Noodle Bowl -An easy, healthy weeknight meal that can be made vegan and gluten-free, and is a veggie bowl that even non-vegetarians will love!
I am such a fan of a dish having a crunch to it so that usually means that nuts, seeds or veggies have to be in it. Well, this noodle bowl recipe is hitting the “crunch” factor perfectly!
Plus, if you’re a fan of vegan recipes, you’ll want to add this to your recipe box PRONTO!
With ingredients like:
- Soba/Buckwheat Noodles
- Coconut Oil
- Fresh Ginger
- Green onion and Sesame Seeds (optional)
the texture is AMAZING and with the added sauce made of:
- Soy Sauce
- Olive Oil
- Lemon Juice
- Sesame Oil
- Maple Syrup (or honey, if not vegan)
- Grated Ginger
the flavor is dynamite!
You’ll start by cooking your noodles according to package directions.
Then, whisk together ingredients for the sauce in a small bowl, and set aside.
Cook the Mushrooms First:
Grab your skillet or wok, and melt 2 tablespoonful coconut oil over medium-high heat.
Add your garlic and ginger, and cook for one minute.
Grab your mushrooms and cook for about five minutes, and remove mushrooms from skillet.
Cook Remaining Veggies
Melt remaining 2 tablespoons coconut oil in the skillet, and add shallots and cook about three minutes. Then add broccoli, carrots, and kale, and cook for about 5 minutes. Add your mushrooms back into the skillet and cook another 3 to 5 minutes, until the veggies are tender.
Add the cooked noodles and the sauce to the skillet, and stir to coat. Cook for about 2 minutes and serve in bowls topped with sesame seeds and green onion.
Serve this gloriousness in bowls topped with sesame seeds and green onion and you’re ready for a bowl of flavor!
Noodle Bowl With Veggies
- 5 oz Soba/buckwheat noodles or 1/2 package
- 4 tablespoon coconut oil divided
- 3 cloves garlic minced
- 1 teaspoon fresh ginger grated (can substitute 1/2 teaspoon ginger powder)
- 1 qt. mushrooms sliced
- 1 shallot chopped
- 1.5 cup broccoli florets
- 1 carrot julienned or shredded
- 3 stalks kale de-ribbed and chopped
- green onion chopped, for garnish/topping
- sesame seeds for garnish/topping
For the Sauce
- .25 cup soy sauce
- 3 tablespoon olive oil
- 1 tablespoon lemon juice
- 2 teaspoon sesame oil
- 1 tablespoon maple syrup (or honey, if not vegan)
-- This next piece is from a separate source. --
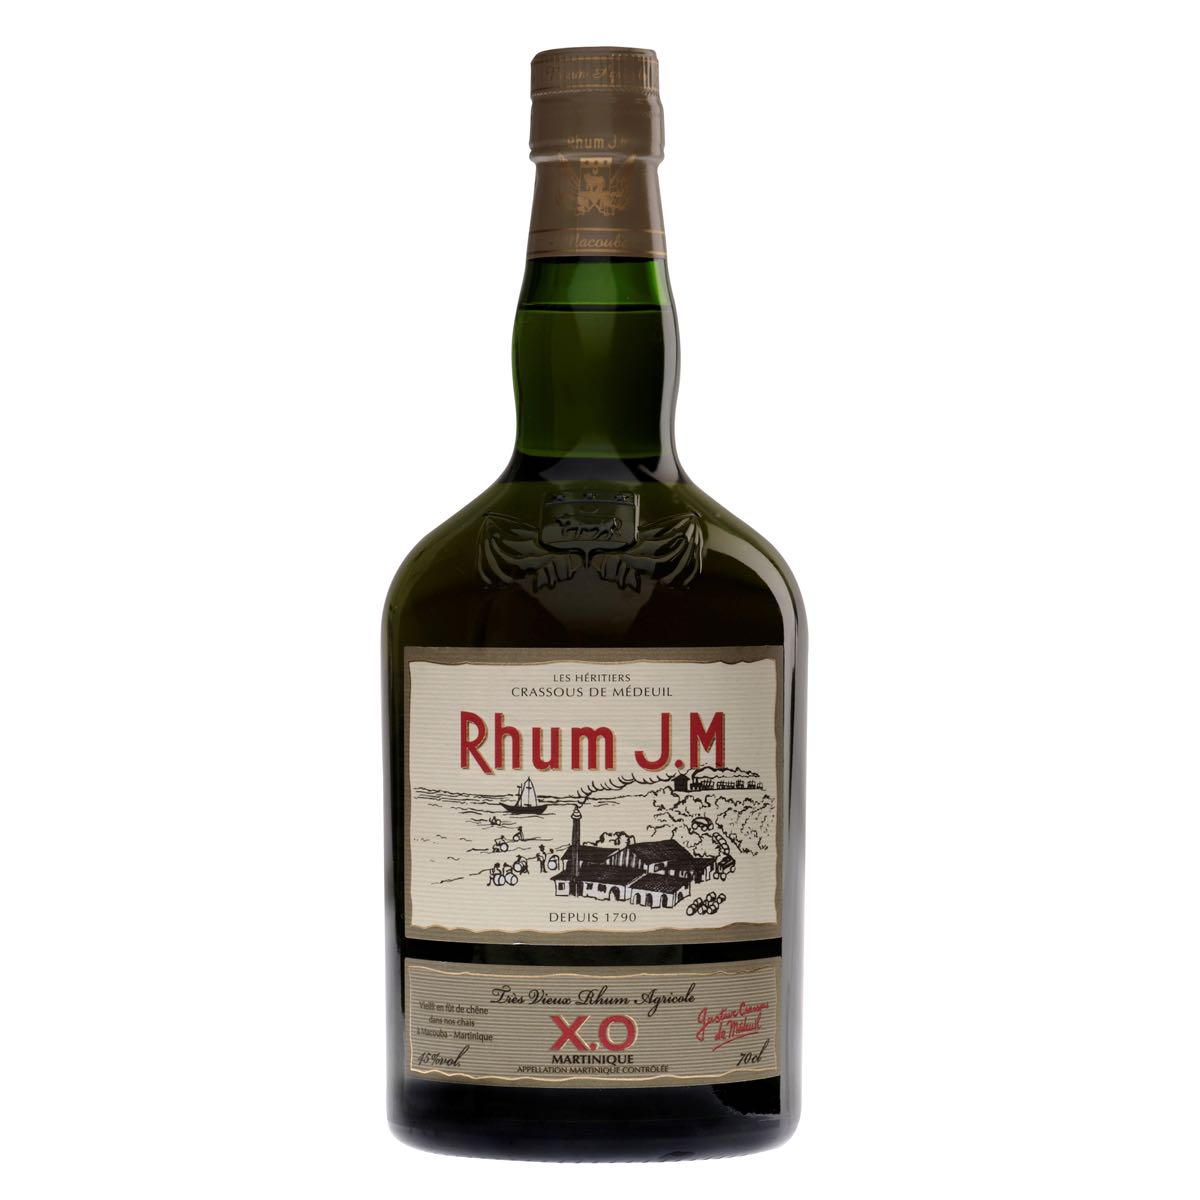 Bottle image of XO
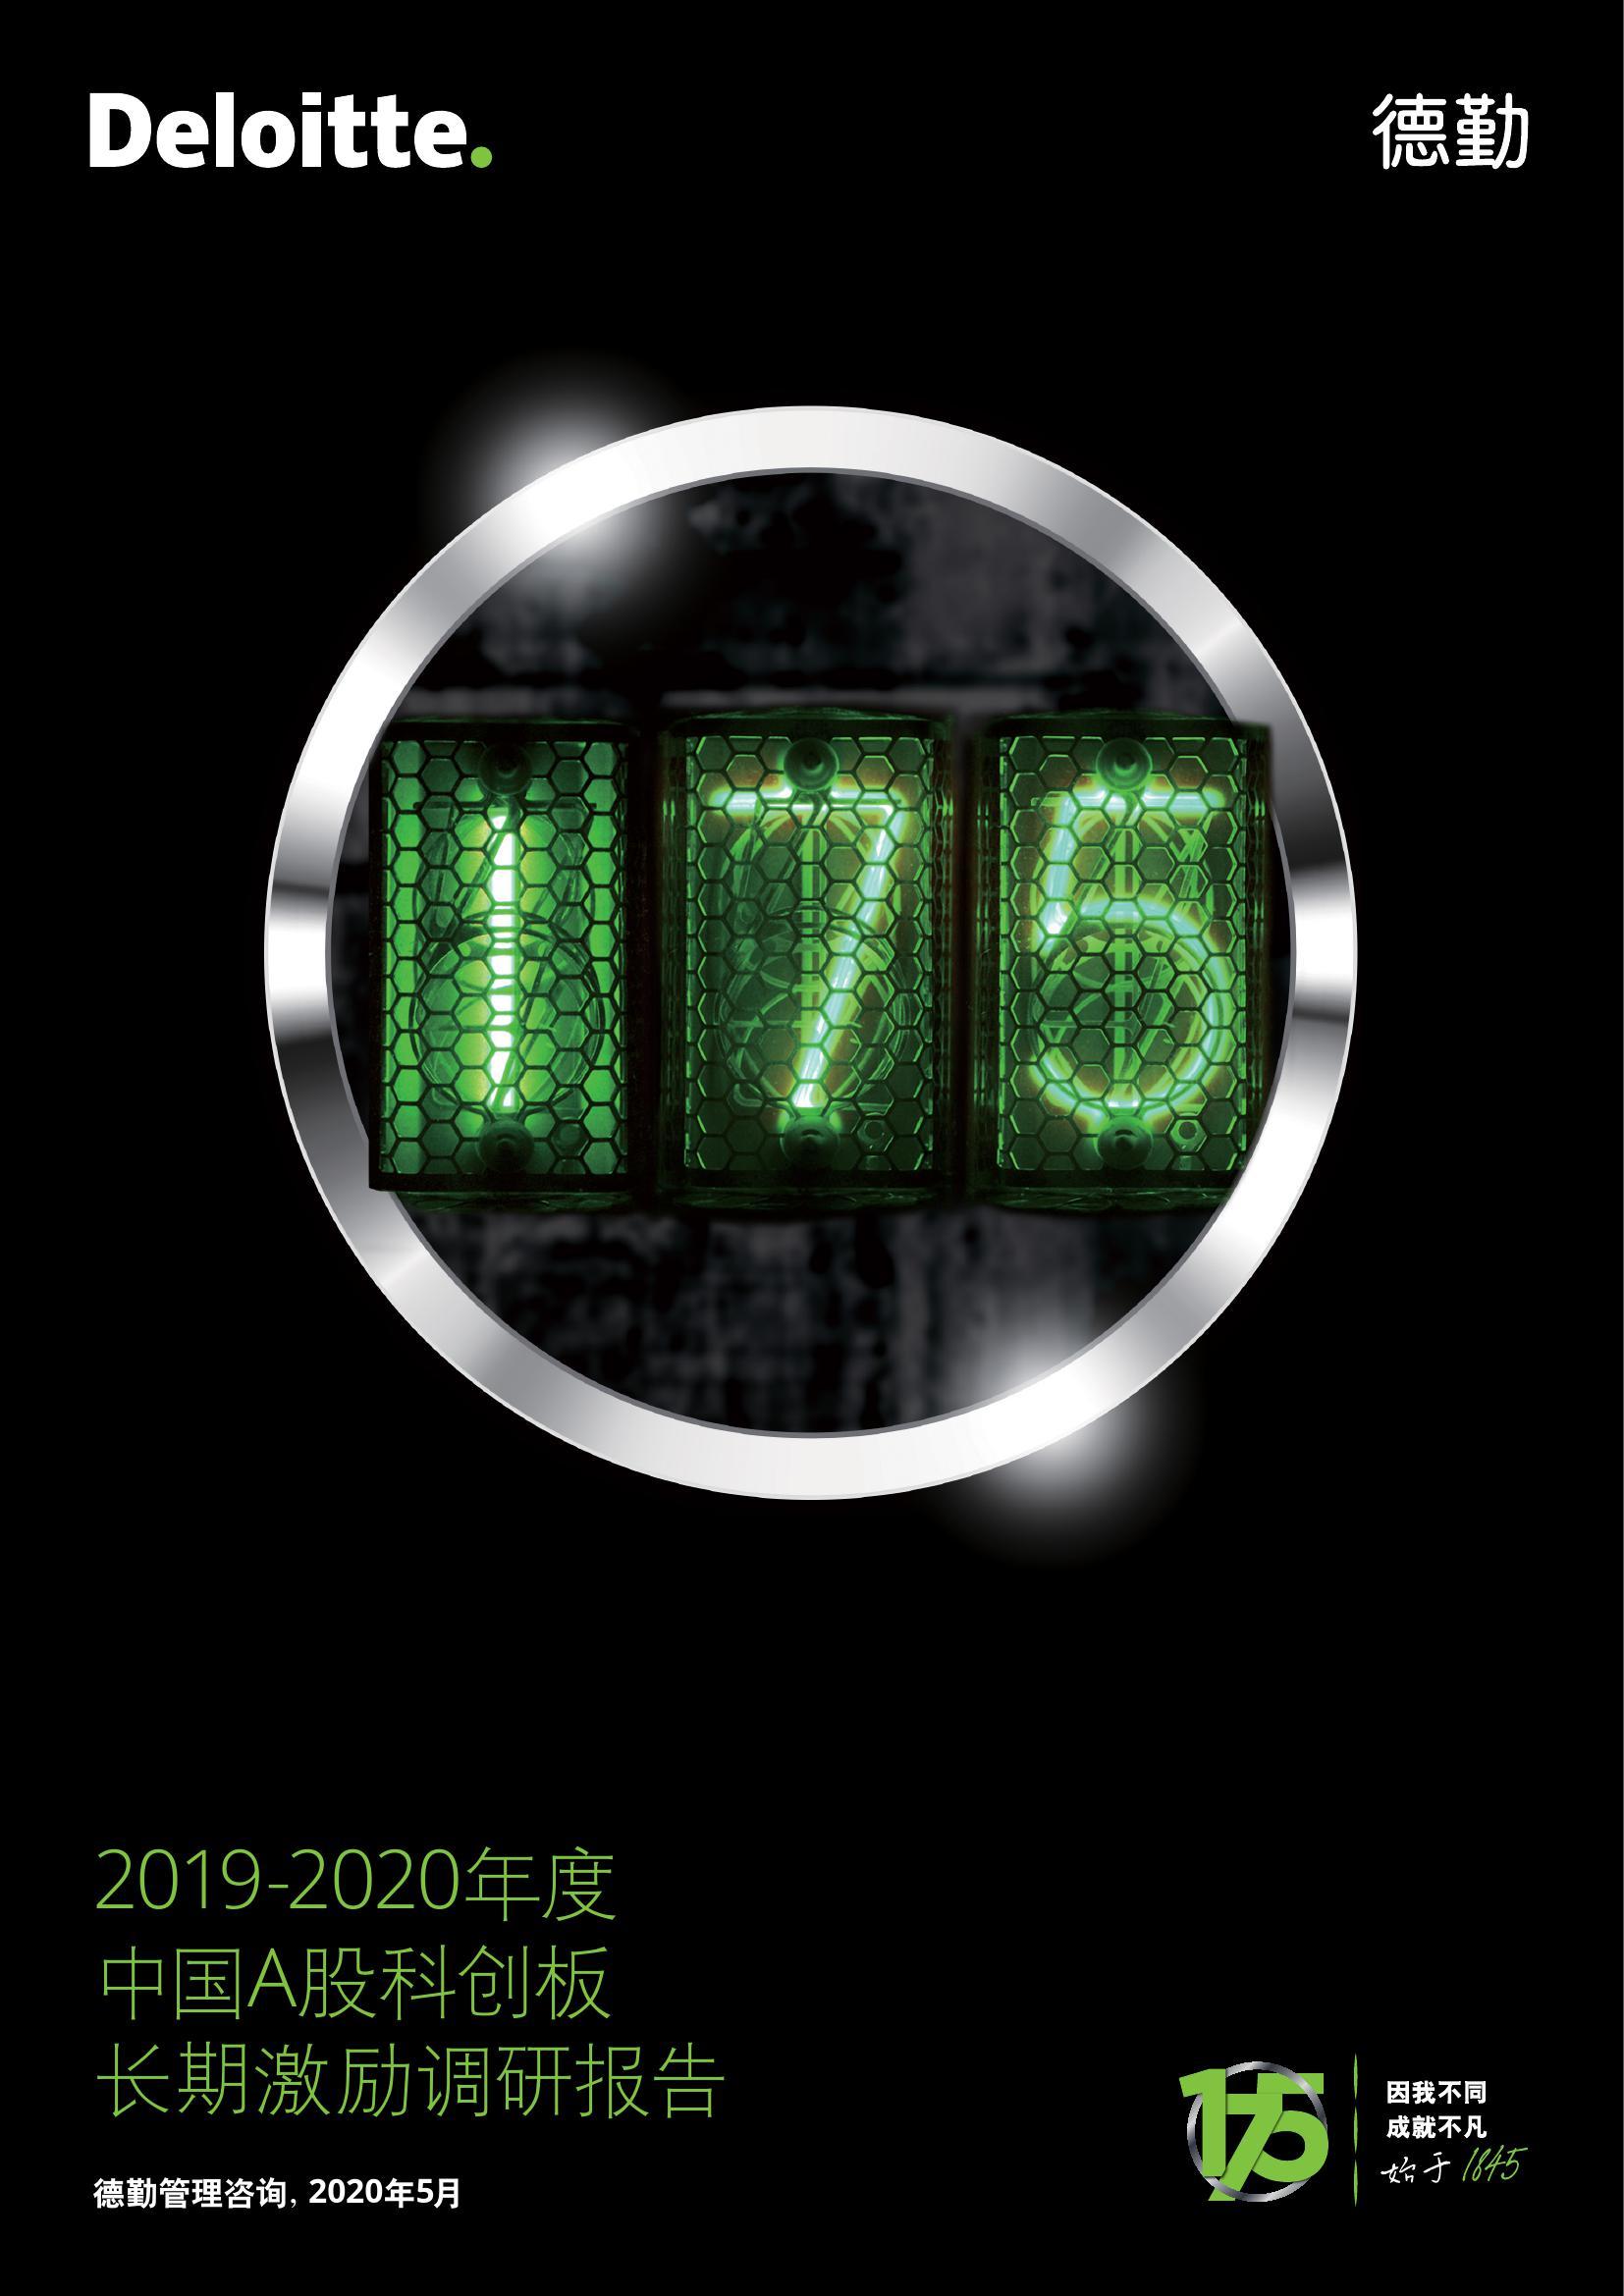 德勤咨询:2019-2020年度中国A股科创板长期激励调研报告(附下载)

- 1 teaspoon Sriracha or more if desired
- 1 teaspoon grated ginger
- Cook noodles according to package directions.
- Whisk together ingredients for the sauce in a small bowl, and set aside.
- Melt 2 tablespoonful coconut oil in skillet or wok, over med-high heat. Add garlic and ginger. Cook for 1 minute.
- Add in mushrooms and cook for about 5 minutes. Remove mushrooms from skillet.
- Melt remaining 2 tablespoons coconut oil in skillet. Add shallots and cook about 3 minutes. Add broccoli, carrots and kale. Cook about 5 minutes.
- Add mushrooms back to skillet and cook another 3 to 5 minutes, until veggies are tender.
- Add the cooked noodles and the sauce to the skillet. Stir to coat. Cook about 2 minutes.
- Serve in bowls topped with sesame seeds and green onion.
Nutritional information is based on third-party calculations and should be considered estimates. Actual nutritional content will vary with brands used, measuring methods, portion sizes and more.